Exida provides a similar definition:
“The goal of functional safety is to design an automatic safety function that will perform the intended function correctly or the system will fail in a predictable (safe) manner.”
The objective of functional safety is to ensure the unacceptability of risks of injuries or damages, directly or indirectly to people, assets, and the environment. Proper automatic protection and predefined measures must be in place to guarantee the validity of this concept. This is where a device, such as a safety relay, in combination with other apparatus, is used. A safety relay is used, or at least can be used, when functional safety is enforced by the responsible bodies.
Safety Instrumented System
Functional safety is an overarching concept, but it is necessary to take a step further to define more precisely when a safety relay is used. This second step leads us to what is defined as safety instrumented system (SIS), which is a conglomerate of electrical, electronic, and programmable systems (E/E/PS) designed to properly handle hardware failures, human errors, systematic errors, and environmental factors.
Safety instrumented systems are widely utilized in several industrial processes and contain a series of sub-systems that we will explore further in this reading (SIF). What is really important for now is to understand that a safety relay is used, or can be used, when a safety instrumented system has been defined to ensure that processes are not compromised or disrupted. A SIS is a safeguard and stands alongside the standard industrial process or production line. A safety relay takes an active part in this integrated solution and has a bearing on the reliability of the safety instrumented system.

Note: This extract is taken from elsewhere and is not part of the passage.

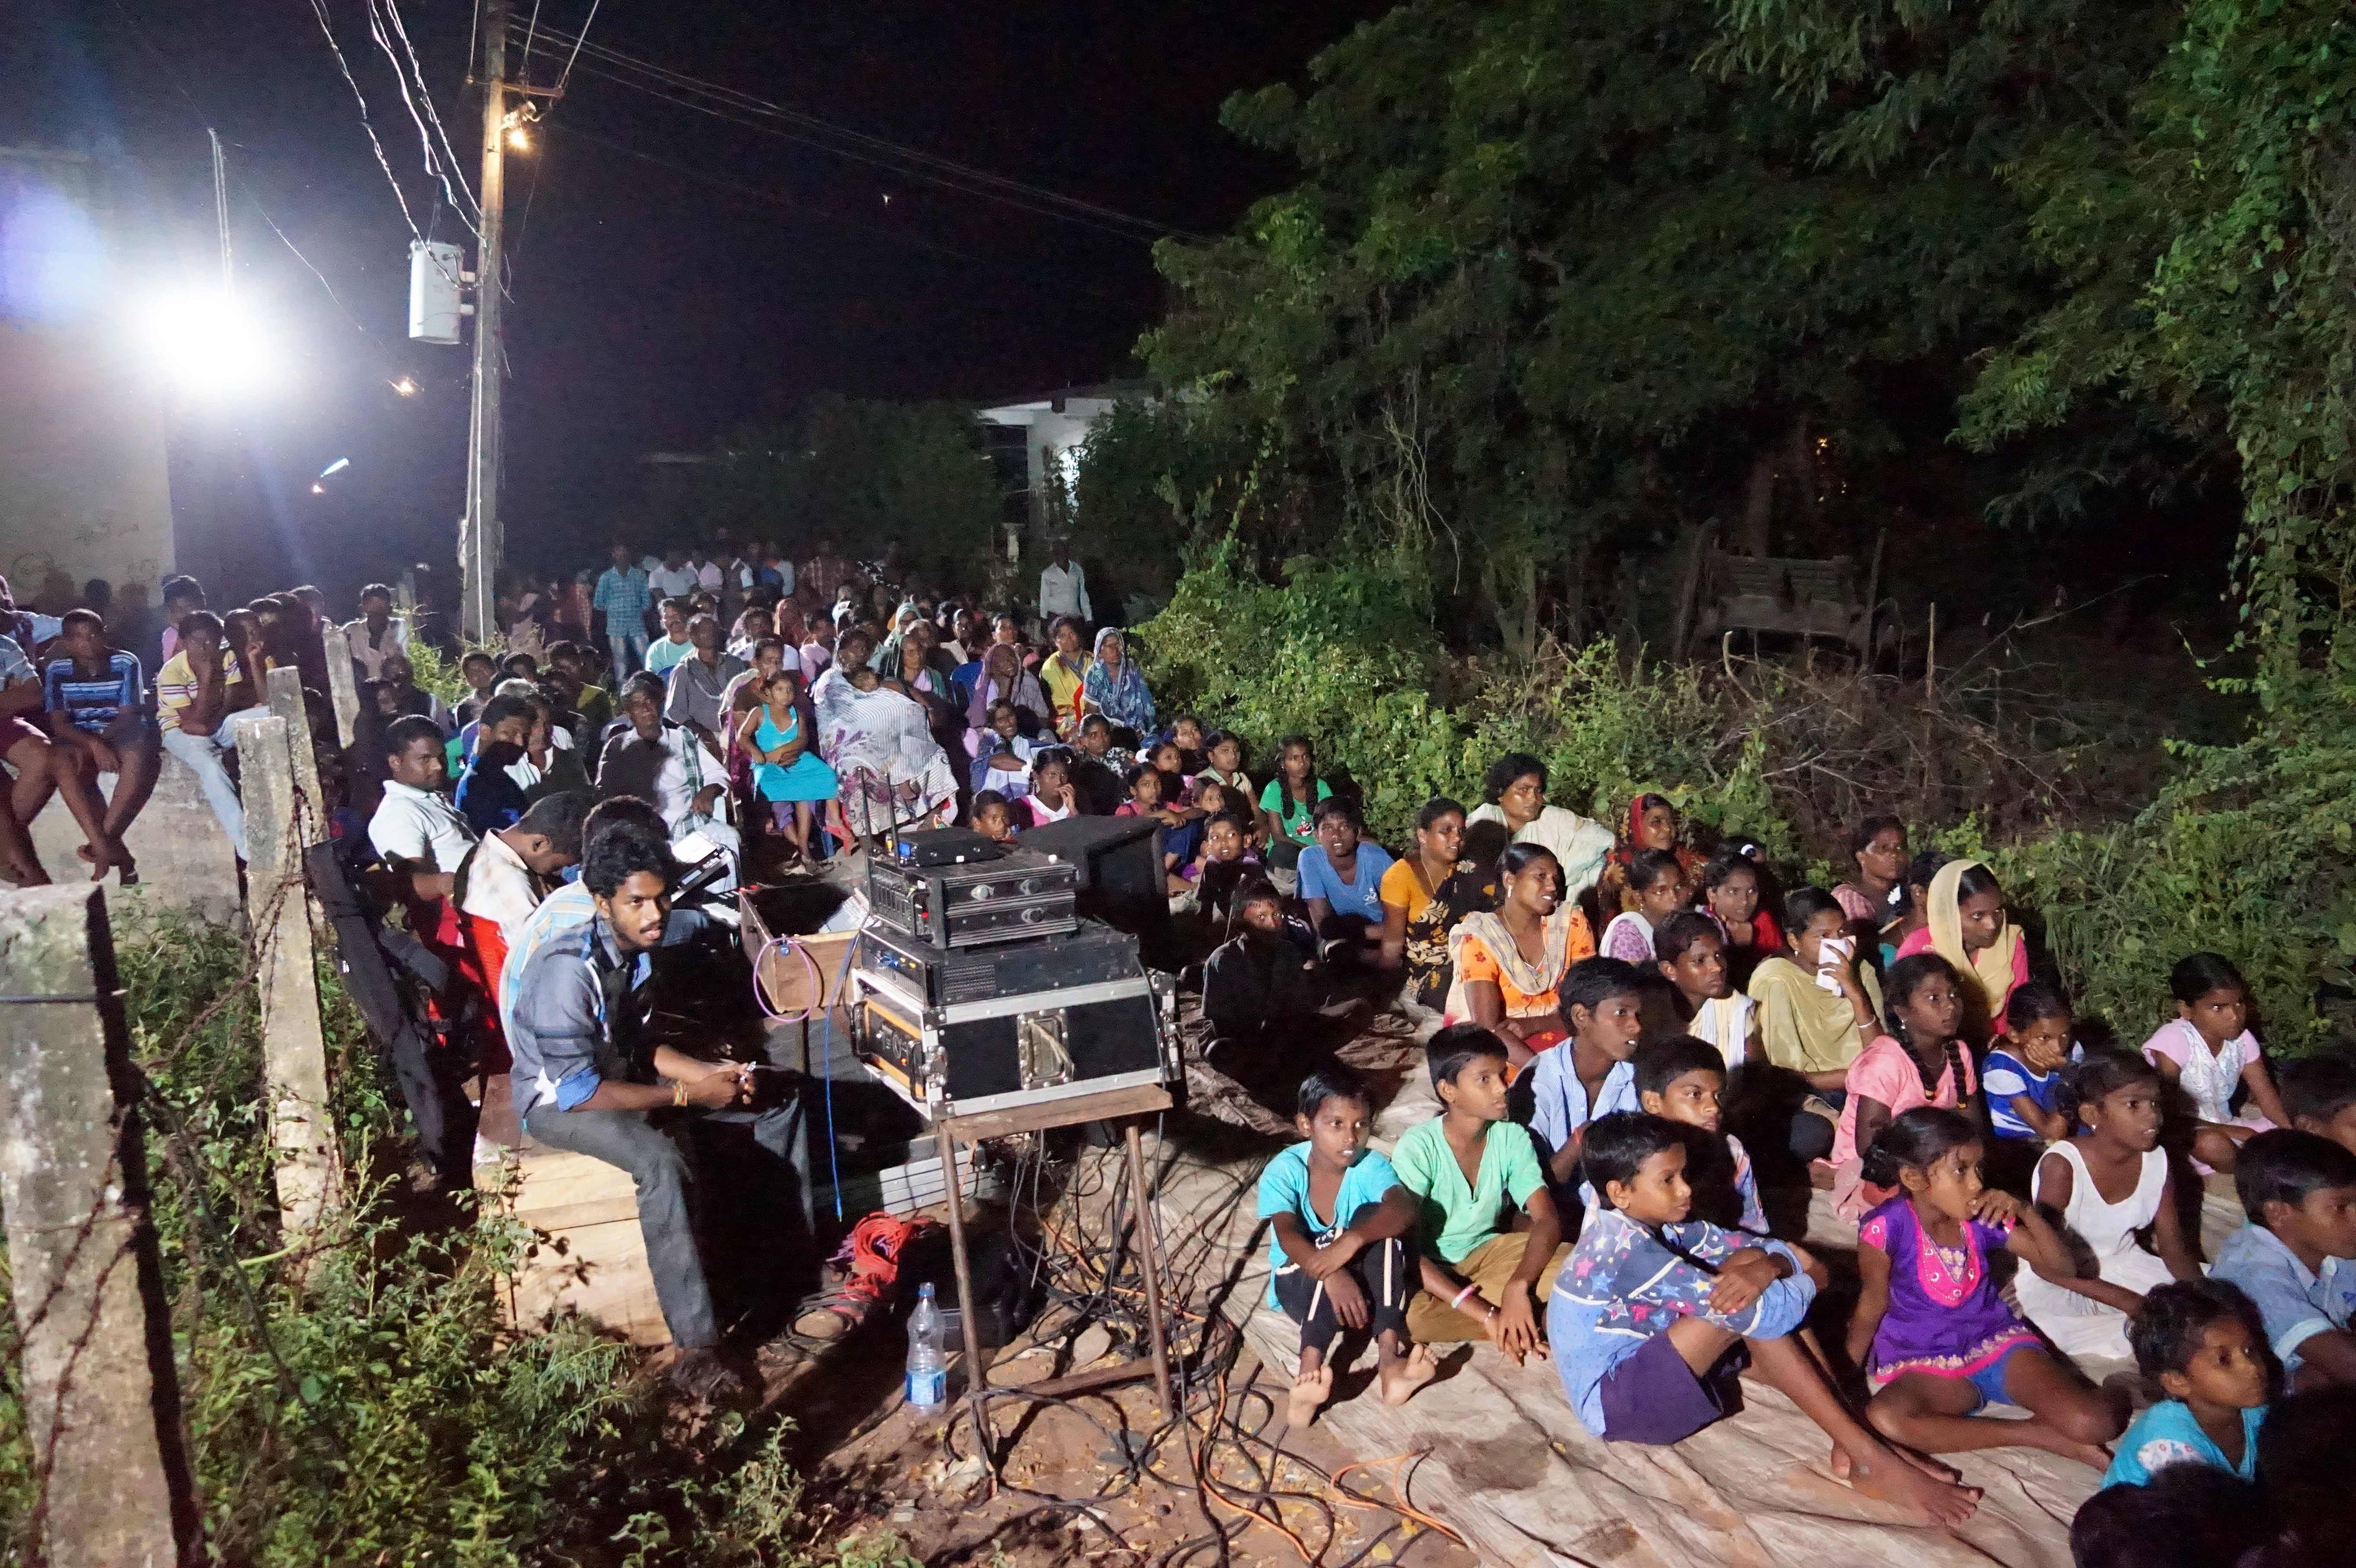 Youth Find Jesus at Gospel Meeting – Jonnapadu, India

Safety Instrumented Function
We must take another step further into the realm of functional safety to see where a safety relay is practically installed. This guides us into the so called safety instrumented function (SIF), which is the sub-system mentioned a few lines above in this article. To make this clearer, we can see functional safety as the concept applied to safety-related applications where one or more safety instrumented systems (SIS) are present to ensure protection. The same plant or industrial process may have one or more SIS depending on the field and the process itself. Within a SIS are several safety instrumented functions, which act as the workforce in this case and physically intervene in emergencies. A SIF can contain logic solvers, sensors, control elements, actuators, and safety relays that can provide the required protection degree and perform the necessary actions in response to a particular input or failure occurrence in a predictable, fail-safe manner. A practical example of a safety loop can be seen as a PLC digital output card wired to the coil of a safety relay that, in turn, drives a load in the field. The load is meant to be the final element, which can be a sounder, a beacon, a valve, or any other device that we previously defined as control elements and actuators.
Conclusions
Whenever the keyword is risk mitigation, functional safety resonates in harmony with safety instrumented systems and safety instrumented functions. These are typically employed to actively contribute to safeguarding an industrial process as much as possible. Since risk is always a constant, even if minimal, additional passive mitigation layers must still be in place because nothing should be left to uncertainty.